_DATA EXCERPT_
········
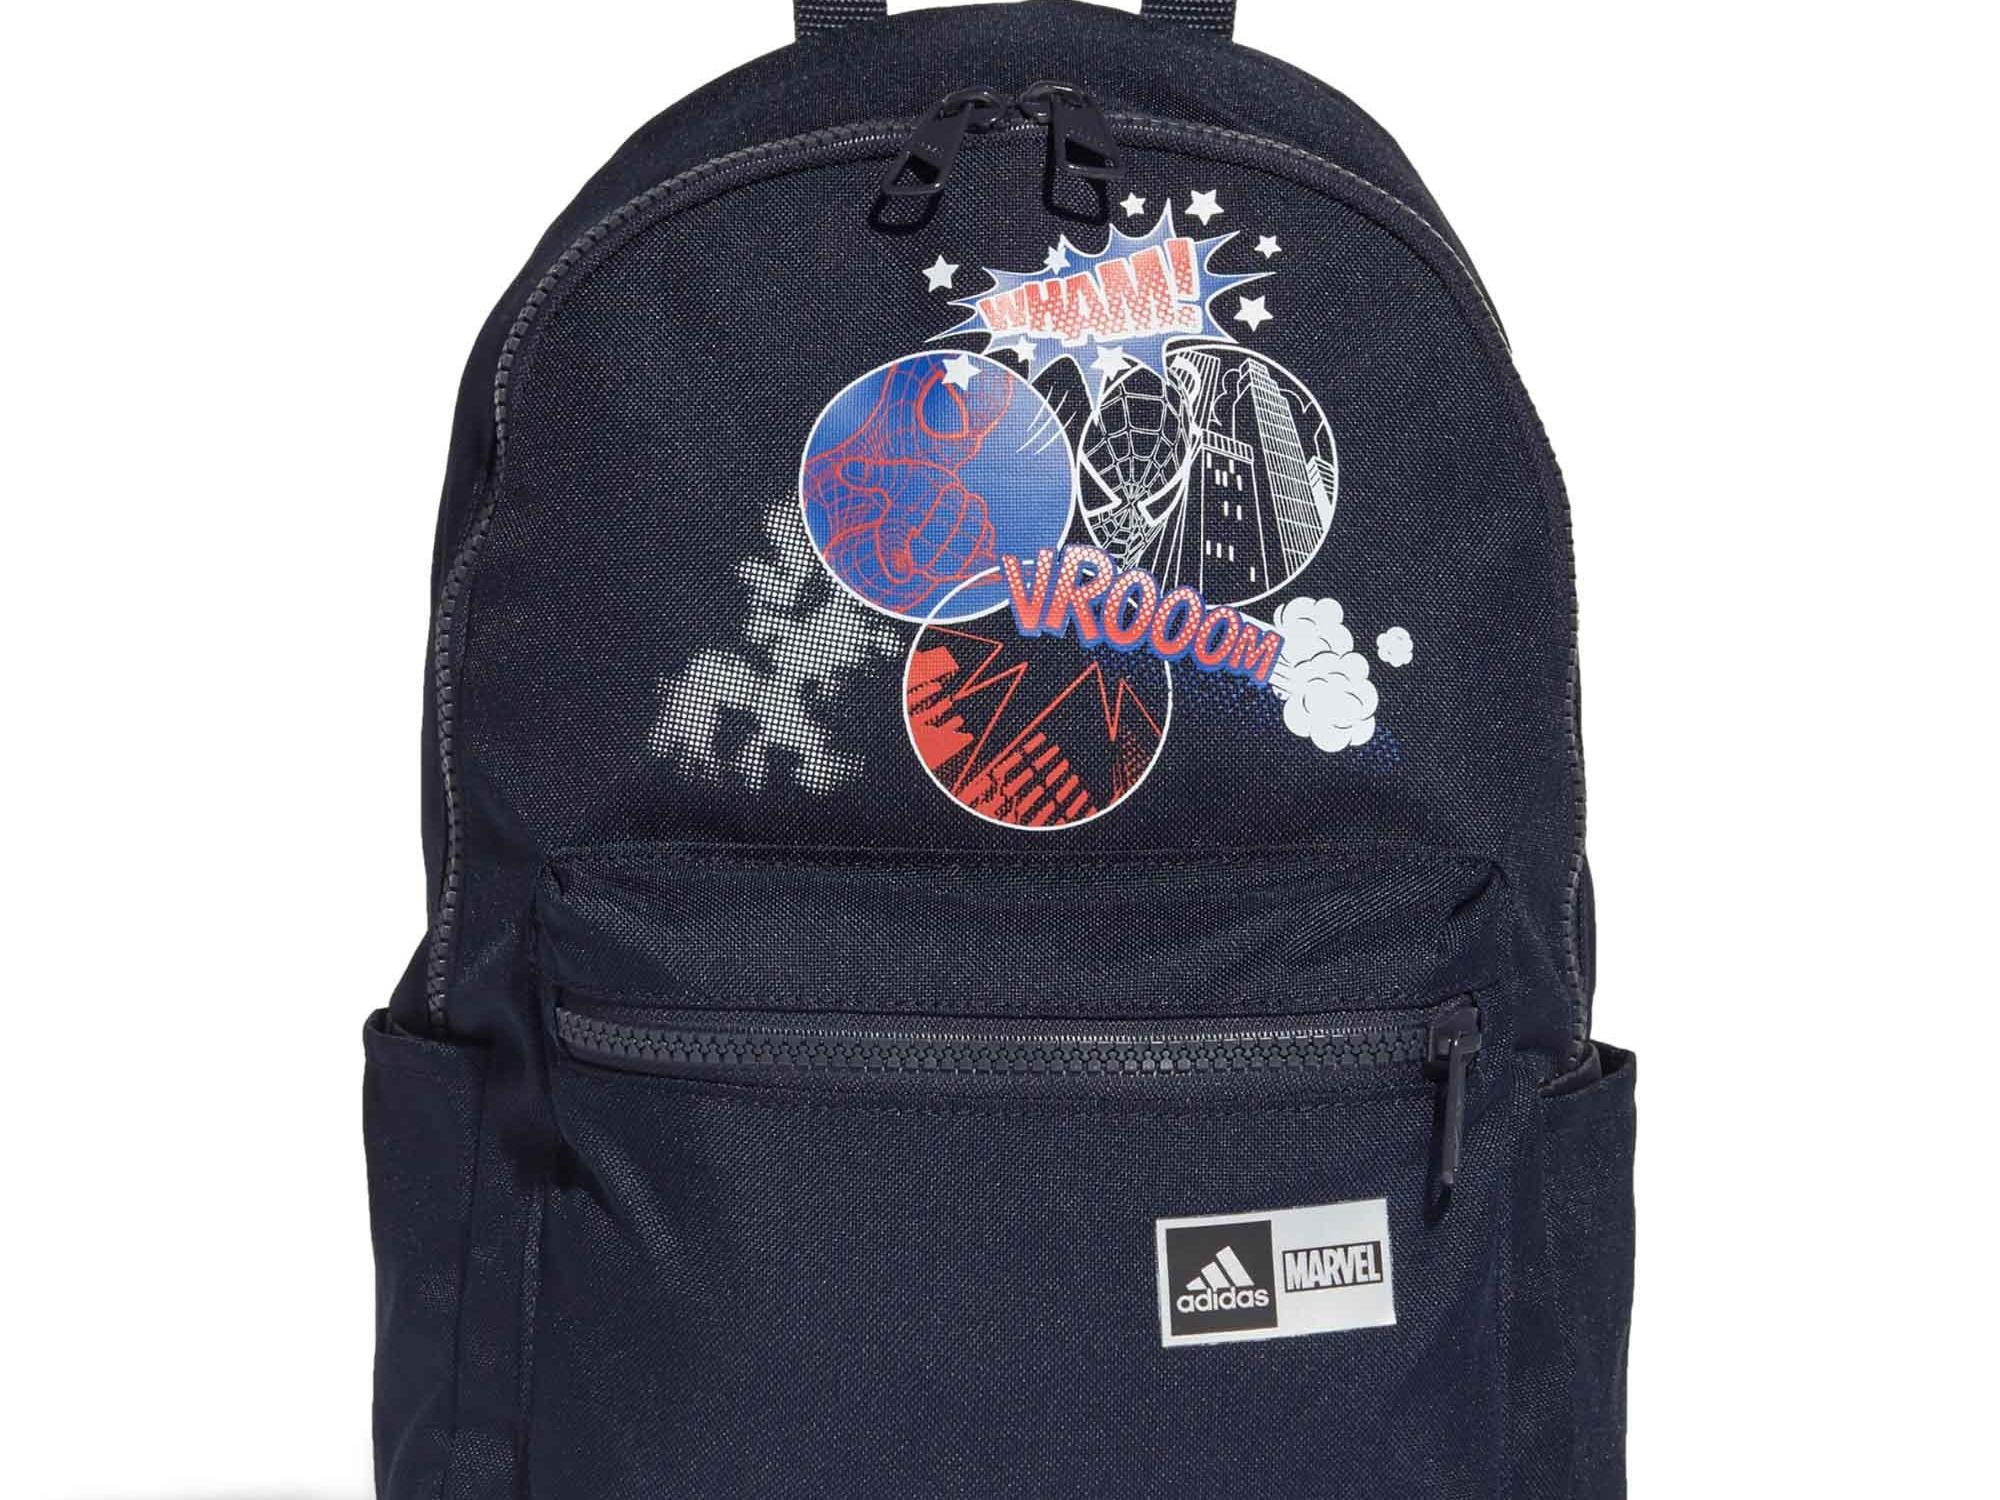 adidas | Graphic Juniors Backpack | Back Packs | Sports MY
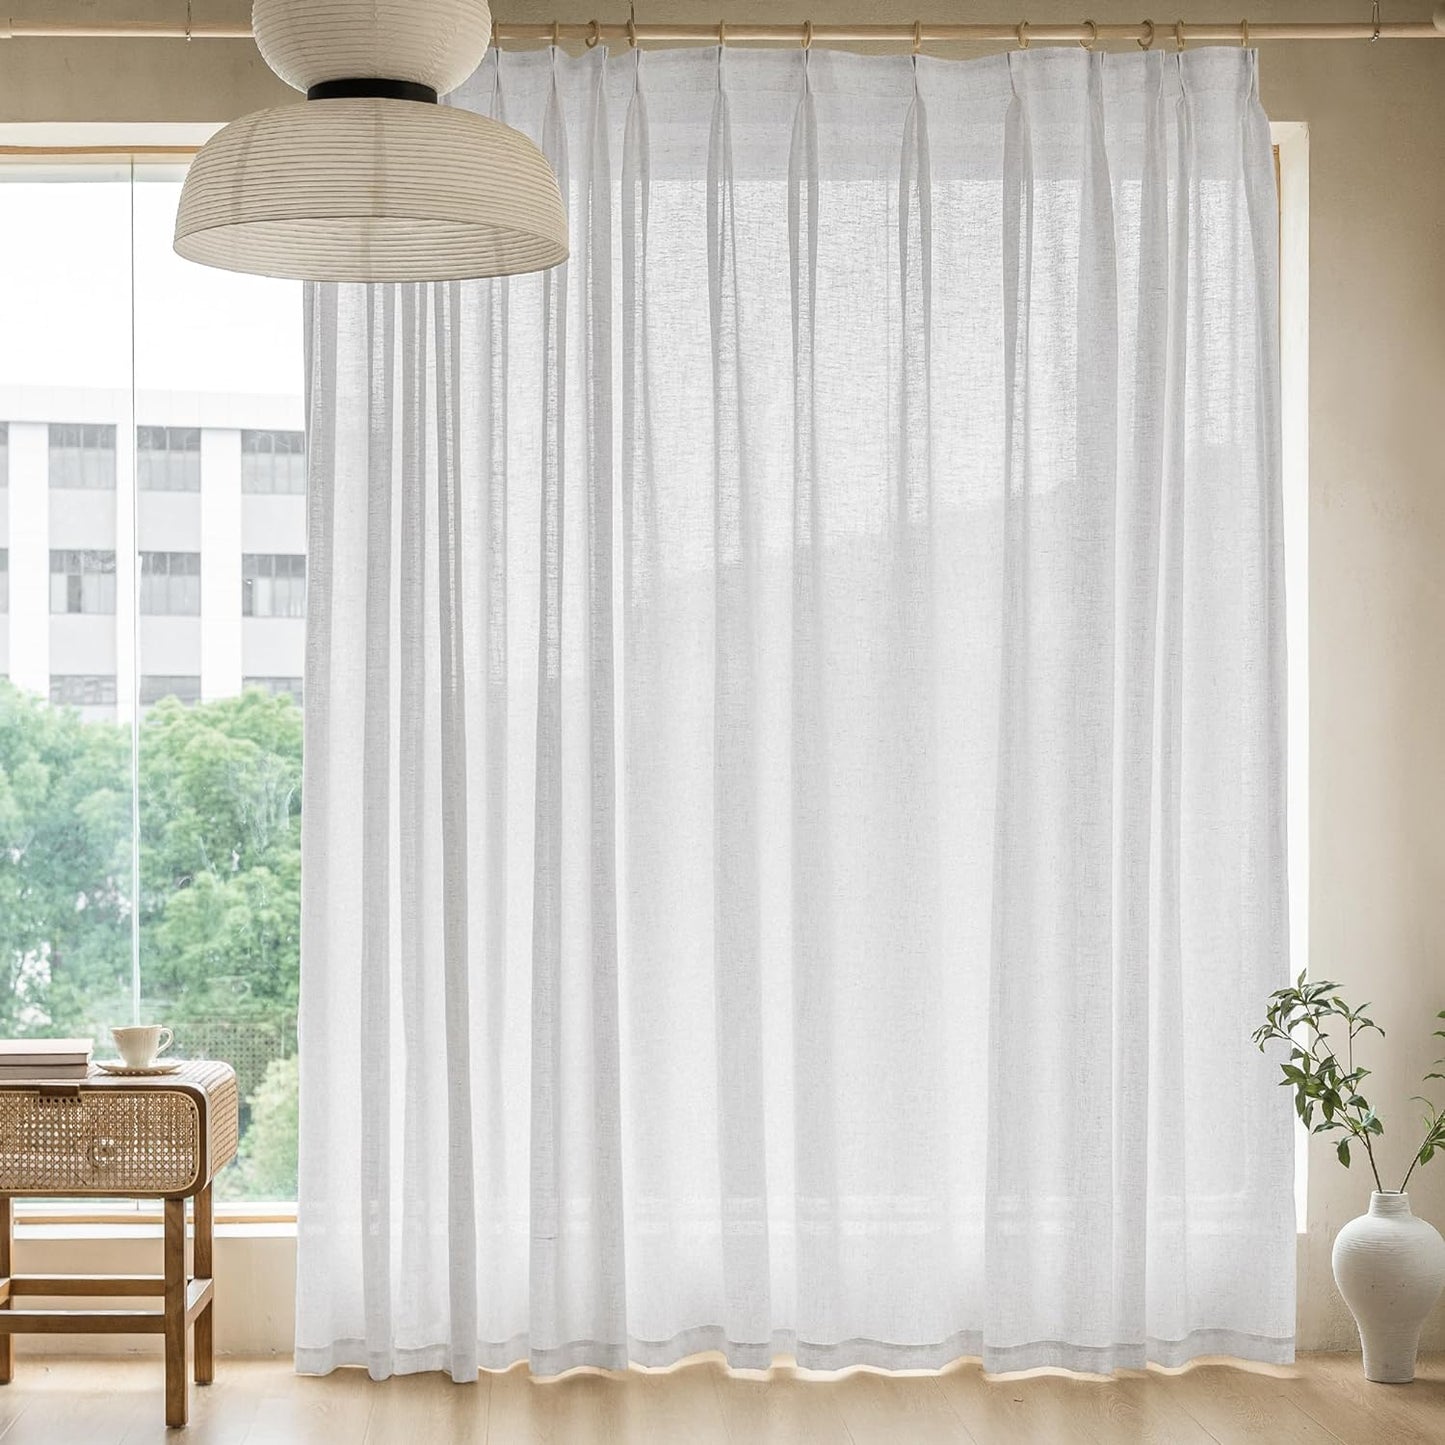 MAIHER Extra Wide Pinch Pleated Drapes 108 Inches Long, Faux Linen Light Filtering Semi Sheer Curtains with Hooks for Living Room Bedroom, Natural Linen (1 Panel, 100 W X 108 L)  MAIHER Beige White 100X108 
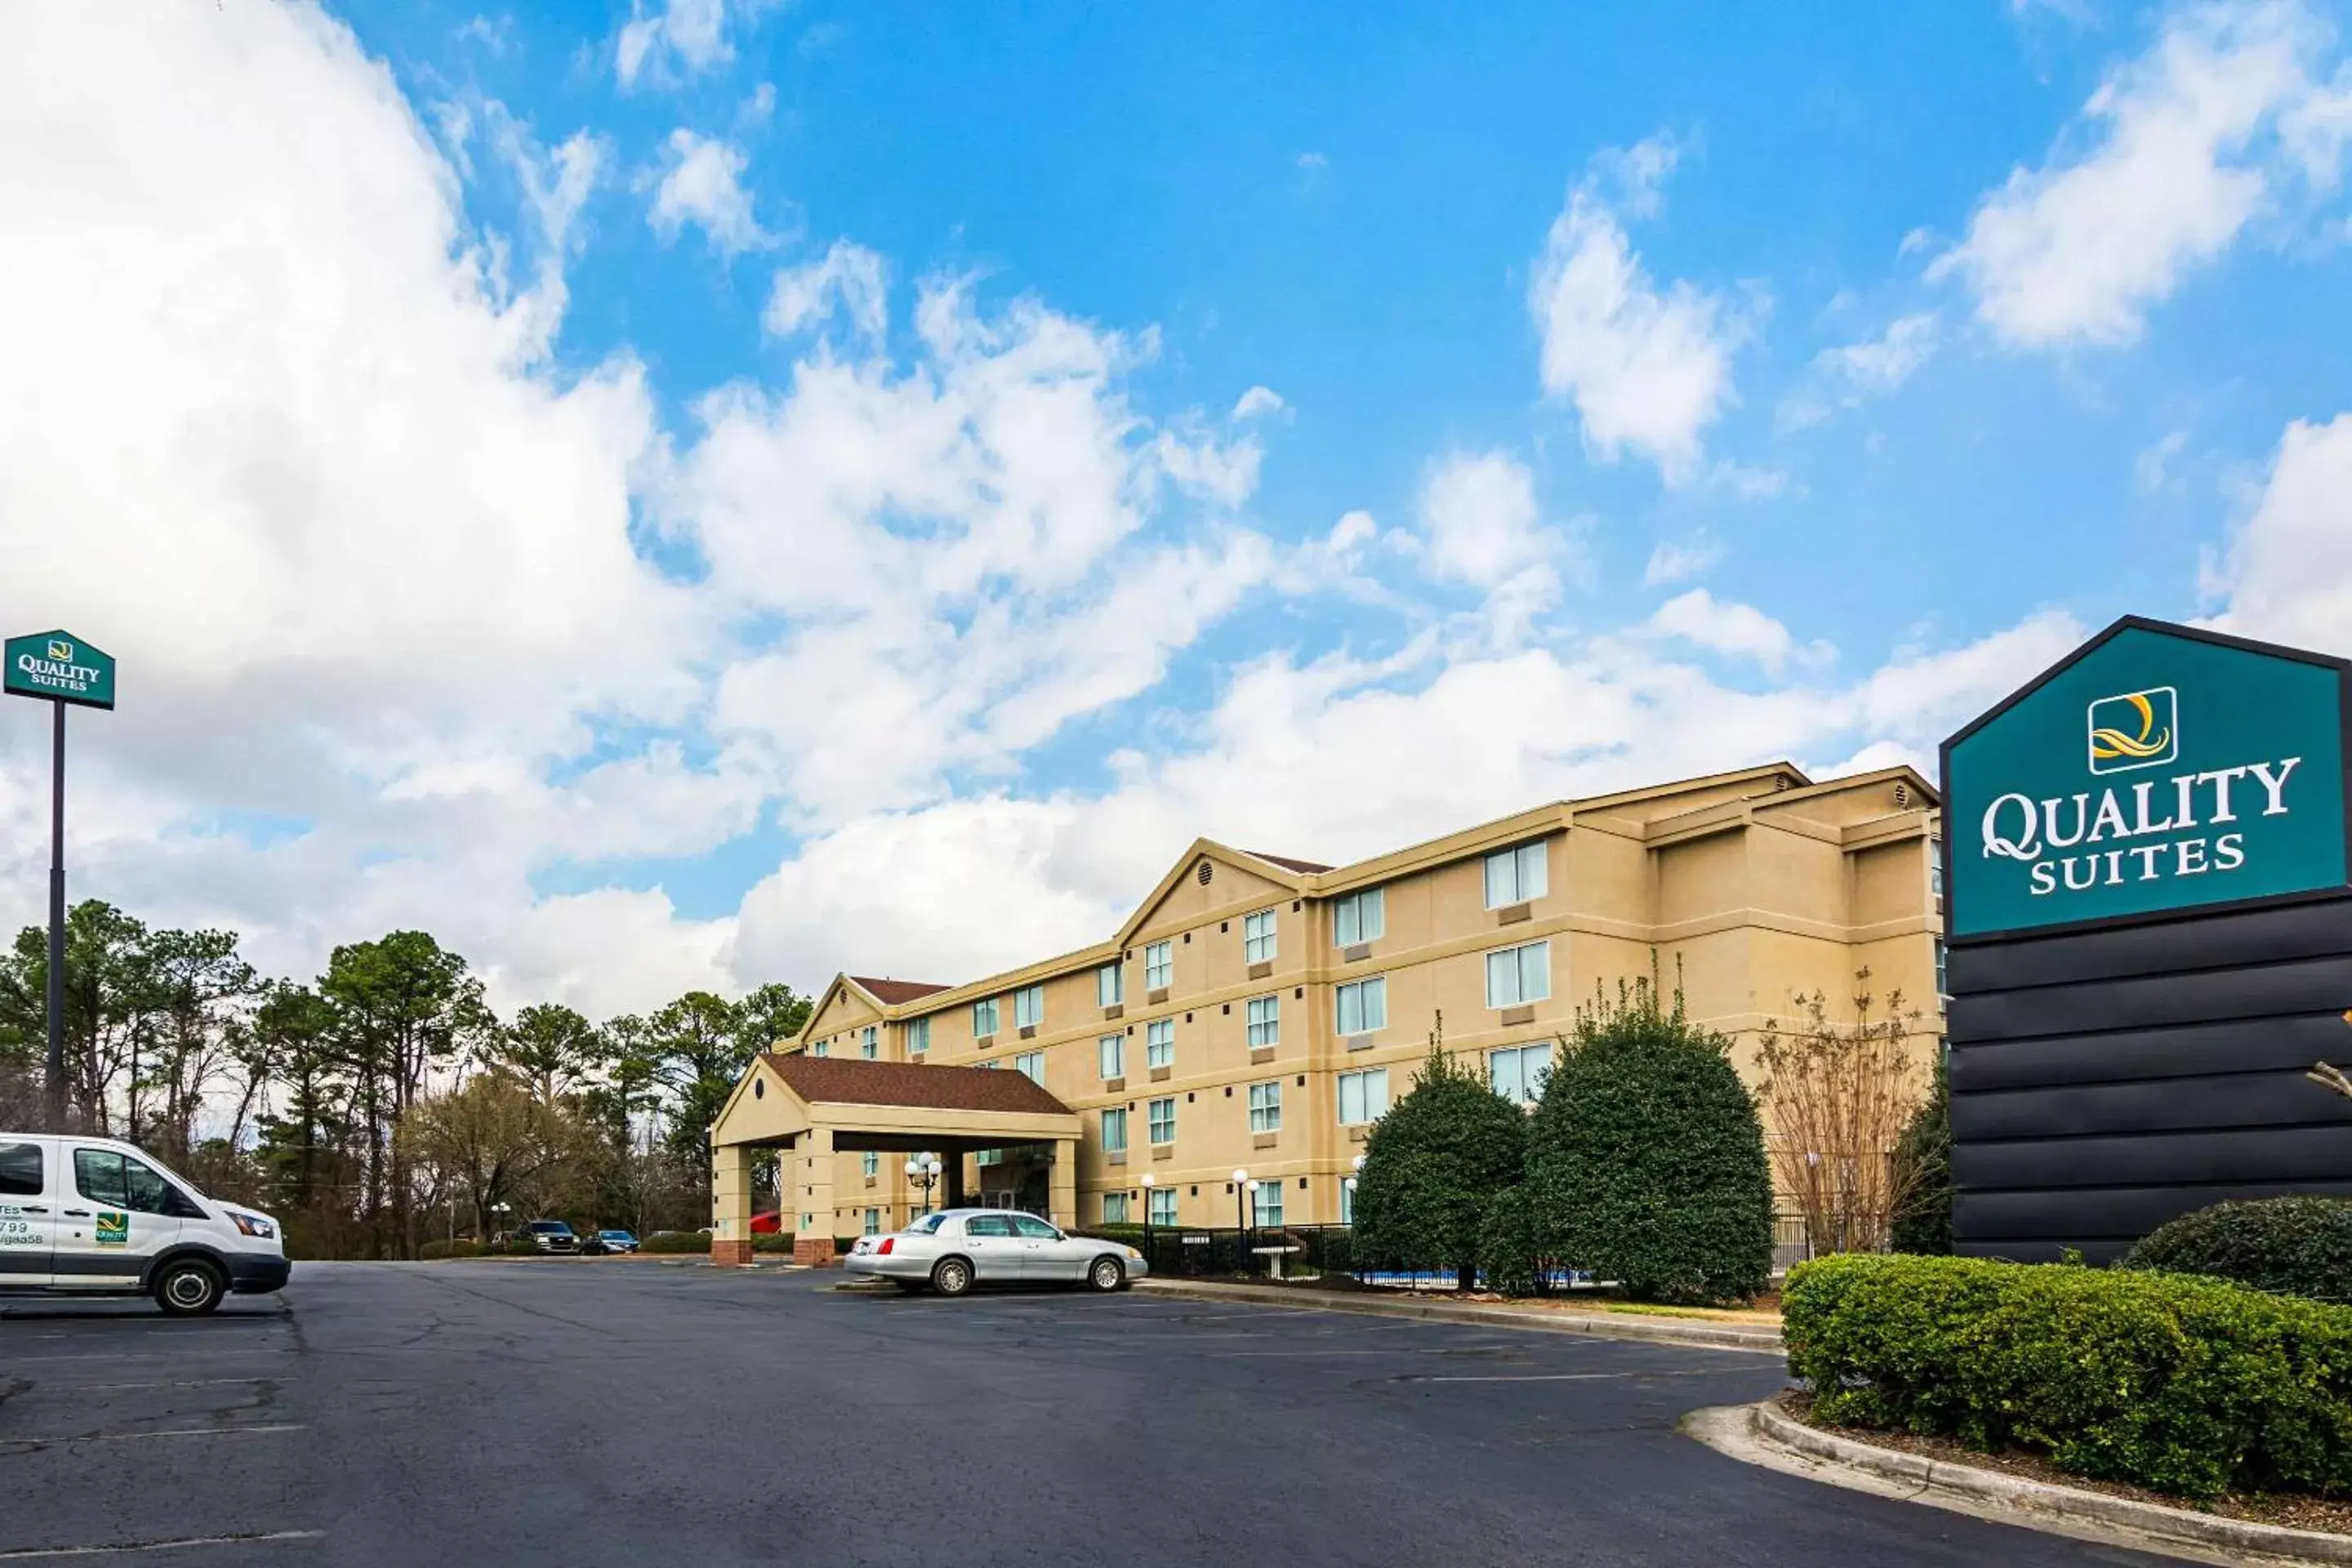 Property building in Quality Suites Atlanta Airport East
········
_WHAT YOU WILL DO_
Make an exact copy of the listing above, omitting the pictures.

_ANSWER TO THIS EXERCISE_
 adidas | Graphic Juniors Backpack | Back Packs | Sports MY
 MAIHER Extra Wide Pinch Pleated Drapes 108 Inches Long, Faux Linen Light Filtering Semi Sheer Curtains with Hooks for Living Room Bedroom, Natural Linen (1 Panel, 100 W X 108 L)  MAIHER Beige White 100X108 
 Property building in Quality Suites Atlanta Airport East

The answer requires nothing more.